No typing. No formatting. Just speak and done.

This is voice-first workflow. Let's build it.

The Components

A voice-first workflow has three parts:

┌──────────────┐    ┌──────────────┐    ┌──────────────┐
│    Voice     │ →  │ Transcription│ →  │  Processing  │
│   Recording  │    │   (Whisper)  │    │   (Claude)   │
└──────────────┘    └──────────────┘    └──────────────┘
     Phone/Mic         Local/Cloud         Claude Code

Voice Recording - Capture audio (phone, laptop mic, dedicated recorder)
Transcription - Convert speech to text (Whisper models)
Processing - Extract meaning, structure, action items (Claude)

Each component has multiple options. You can go fully local (privacy-first) or use cloud services (convenience-first). Let's explore both.

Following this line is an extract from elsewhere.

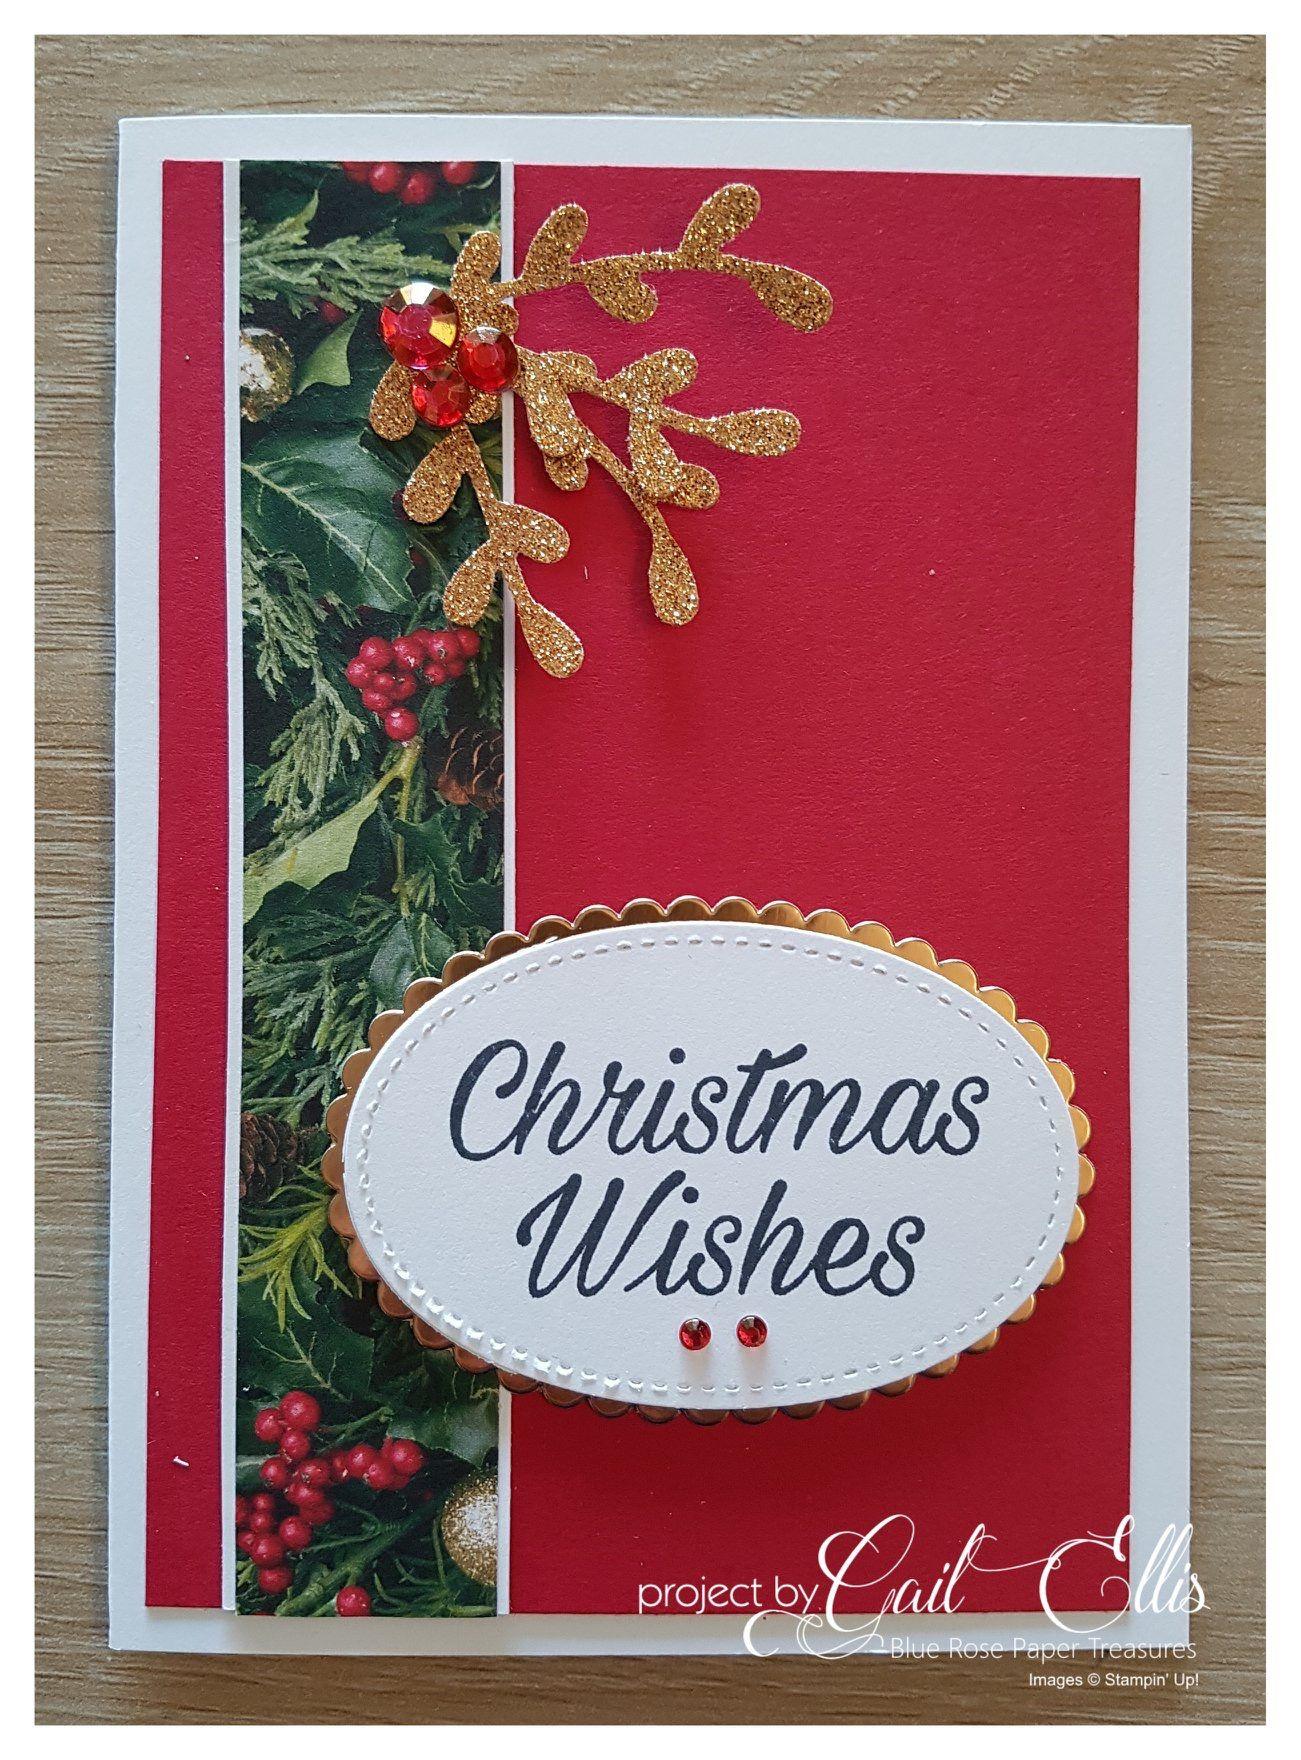 Pin by Linda Davies on Christmas cards | Pinterest | Christmas Cards ...

Already Using Microsoft Teams + Copilot?

Skip the transcription setup. If your organization uses Microsoft Teams with Copilot, you already have automatic meeting transcription built in.

Teams + Copilot provides:

Real-time subtitles during meetings
Full meeting transcripts saved automatically
AI-generated meeting summaries
Action items extraction

Your workflow becomes simpler:

After meeting ends, open Teams chat for that meeting
Click on "Recap" or find the transcript
Copy the transcript or summary
Paste into Claude Code: /process_meeting with the transcript

Or create a dedicated command ~/.claude/commands/process_teams_transcript.md:

# Process Teams Transcript

Process the following Teams meeting transcript and extract:
- Key decisions made
- Action items with owners
- Open questions
- Follow-up needed

Transcript:
$ARGUMENTS

Bottom line: If Teams + Copilot handles your transcription, skip Options 1-3 below and jump straight to "The Complete Pipeline" section. Use Claude Code for the processing and structuring part only.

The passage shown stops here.